Of course whether a handsome prospect mattered to city formation was an open question, but there were historians who asserted that many ancient Greek cities were sited principally for their view, in the face of other inconveniences, so it was at least a possible factor. And in any case Burroughs was now a bustling little metropolis of some 150,000 people, the biggest city on Mars. And it was still growing. Near the end of his afternoon’s sightseeing, Sax rode one of the big exterior elevators up the side of Branch Mesa, centrally located north of Canal Park, and from its plateau he could see that the northern outskirts of town were studded with construction sites all the way to the tent wall. There was even work going on around some of the distant mesas outside the tent. Clearly critical mass had been reached in some kind of group psychology— some herding instinct, which had made this place the capital, the social magnet, the heart of the action. Group dynamics were complex at best, even (he grimaced) unexplainable.
• • •
Which was unfortunate, as always, because Biotique Burroughs was a very dynamic group indeed, and in the days that followed Sax found that determining his place in the crowd of scientists working on the project was no easy thing. He had lost the skill of finding his way in a new group, assuming he had ever had it. The formula governing the number of possible relationships in a group was n(n-1)/2 where n is the number of individuals in the group; so that, for the 1,000 people at Biotique Burroughs, there were 499,500 possible relationships. This seemed to Sax well beyond anyone’s ability to comprehend— even the 4,950 possible relationships in a group of 100, the hypothesized “design limit” of human group size, seemed unwieldy. Certainly it had been at Underhill, when they had had a chance to test it.
So it was important to find a smaller group at Biotique, and Sax set about doing so. It certainly made sense to concentrate at first on his lab. He had joined them as a biophysicist, which was risky, but put him where he wanted to be in the company; and he hoped he could hold his own. If not, then he could claim to have come to biophysics from physics, which was true.

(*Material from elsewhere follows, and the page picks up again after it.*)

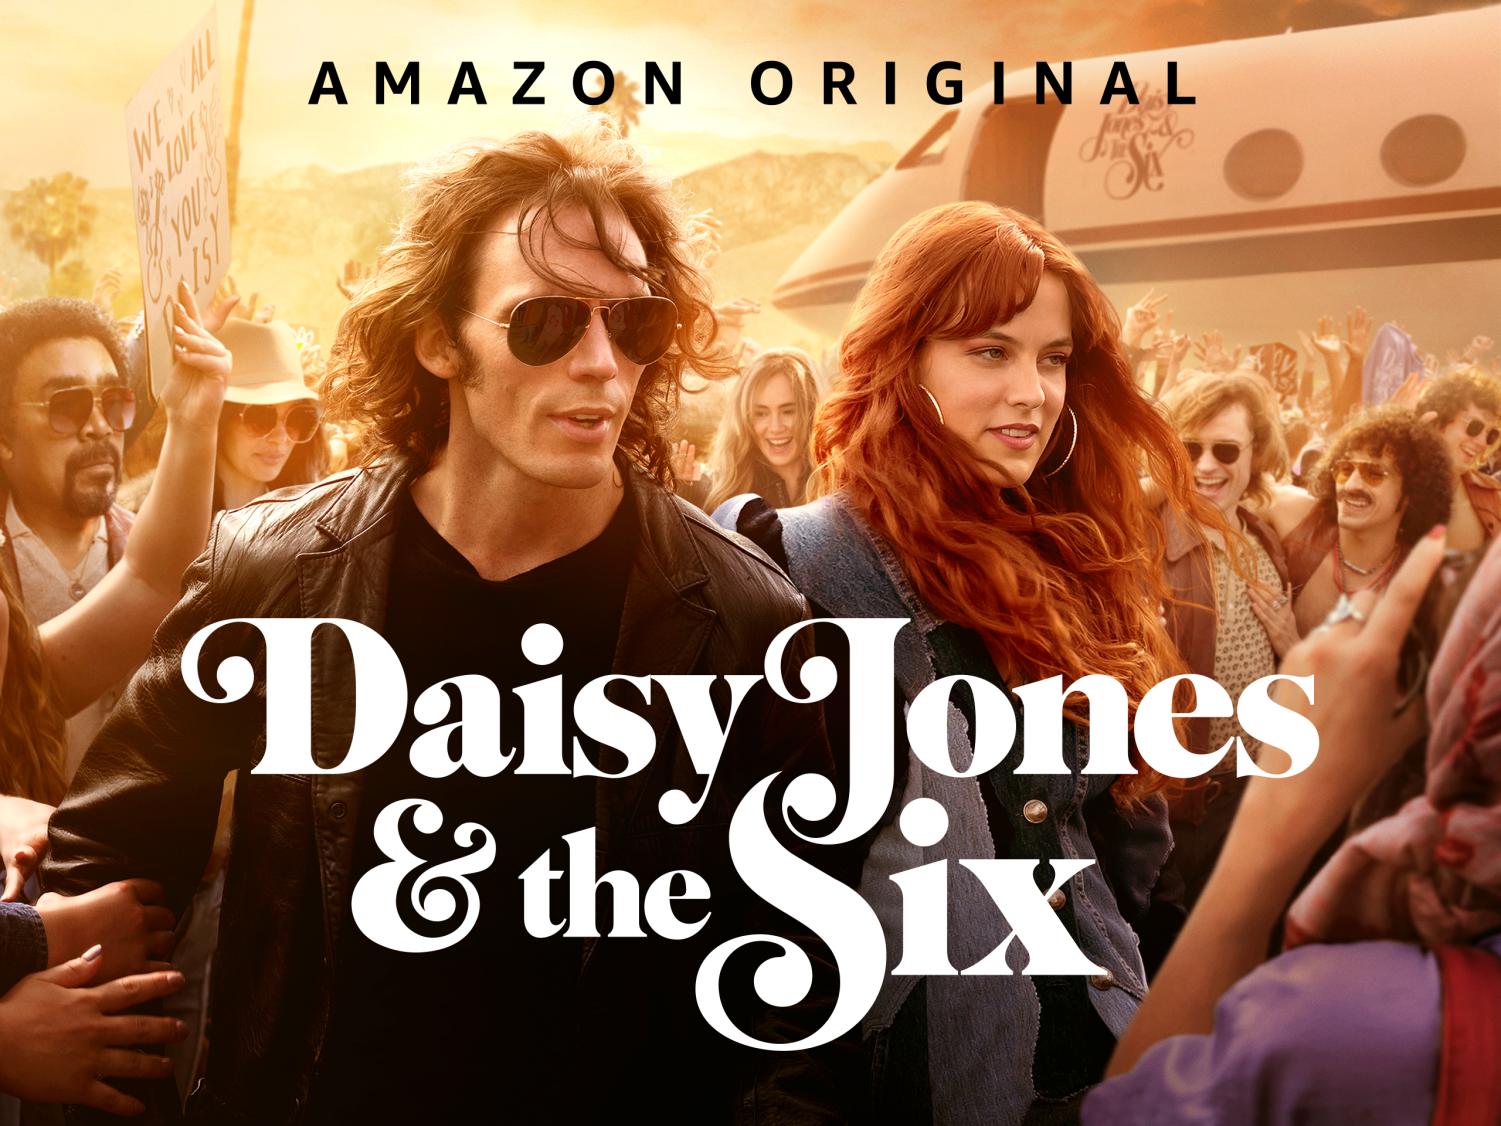 Daisy Jones & the Six': The Largest Fictional Band of the '70s

His boss was a Japanese woman named Claire, middle-aged in appearance, a very congenial woman who was good at running their lab. On his arrival she put him to work with the team designing second- and third-generation plants for the glaciated regions of the northern hemisphere. These newly hydrated environments represented tremendous new possibilities for botanical design, as the designers no longer had to base all species on desert xerophytes. Sax had seen this coming from the very first moment he had spotted the flood roaring down Ius Chasma into Melas, in 2061. And now forty years later he could actually do something about it.

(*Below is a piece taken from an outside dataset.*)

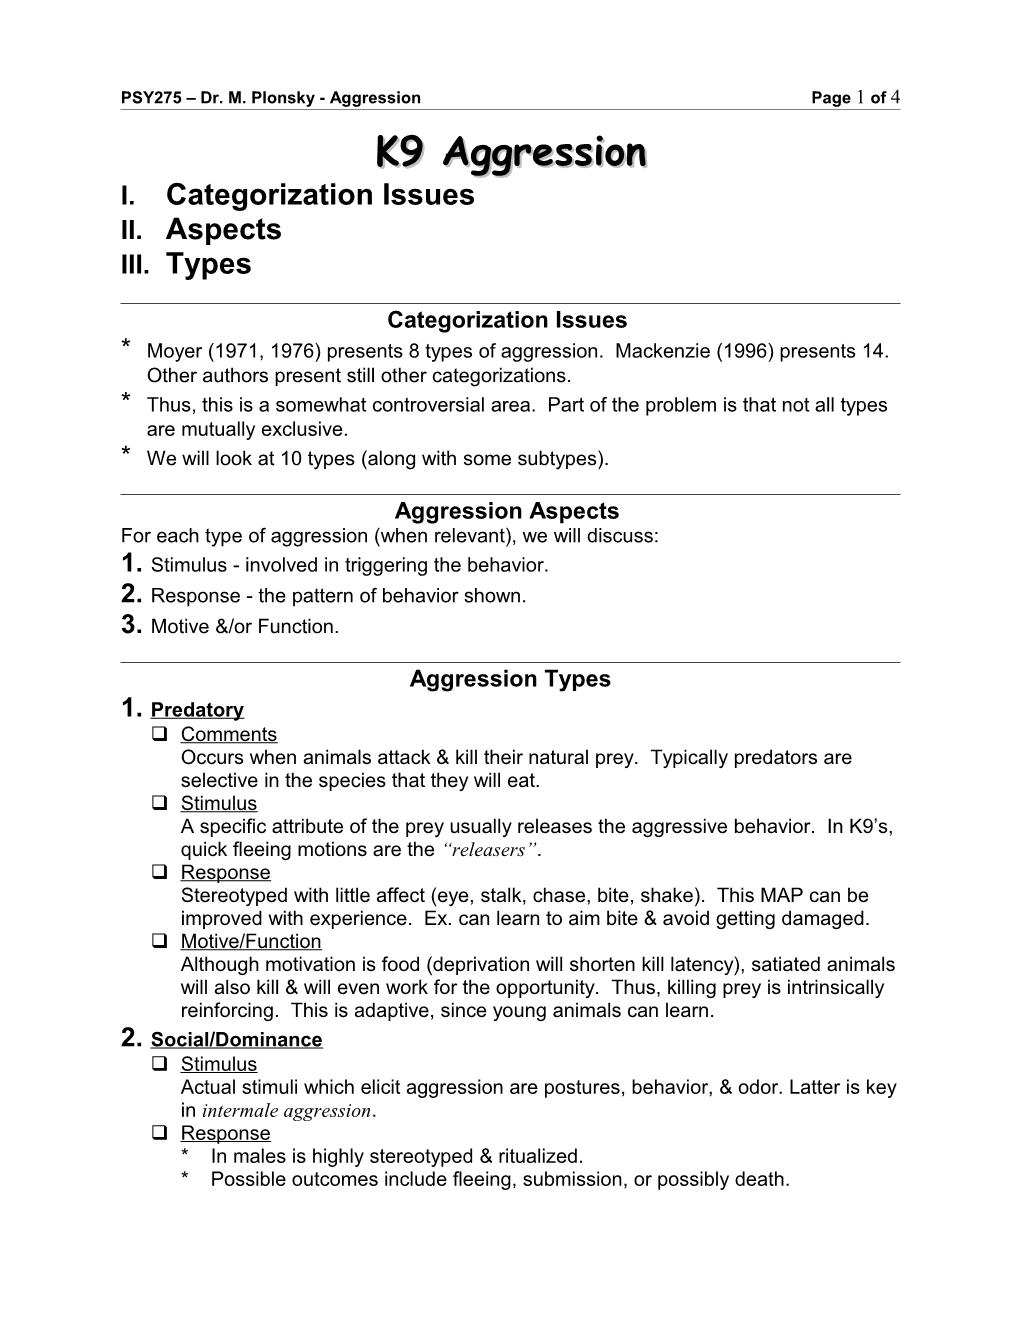 PSY275 Dr. M. Plonsky - Aggressionpage 1 of 3

So he very happily joined in the work. First he had to bring himself up to date on what had already been put out there in the glacial regions. He read voraciously in his usual manner, and viewed videotapes, and learned that with the atmosphere still so thin and cold, all the new ice released on the surface was subliming until its exposed surfaces were fretted to a minute lacework. This meant there were billions of pockets large and small for life to grow in, directly on the ice; and so one of the first forms to have been widely distributed were varieties of snow and ice algae. These algae had been augmented with phreatophytic traits, because even when the ice started pure it became salt-encrusted by way of the ubiquitous windblown fines. The genetically engineered salt-tolerant algaes had done very well, growing in the pitted surfaces of the glaciers, and sometimes right into the ice. And because they were darker than the ice, pink or red or black or green, the ice under them had a tendency to melt, especially during summer days, when temperatures were well above freezing. So small diurnal streams had begun to run off the glaciers, and along their edges. These wet morainelike regions were similar to some Terran polar and mountain environments. Bacteria and larger plants from these Terran environments, genetically altered to help them survive the pervasive saltiness, had first been seeded by teams from Biotique several M-years before, and for the most part these plants were prospering as the algae had.
Now the design teams were trying to build on these early successes and introduce a wider array of larger plants, and some insects bred to tolerate the high CO2 levels in the air. Biotique had an extensive inventory of template plants to take chromosome sequences from, and 17 M-years of field experimental records, so Sax had a lot of catching up to do. In his first weeks at the lab, and in the company arboretum on Hunt plateau, he focused on the new plant species to the exclusion of everything else, content to work his way up to the bigger picture in due time.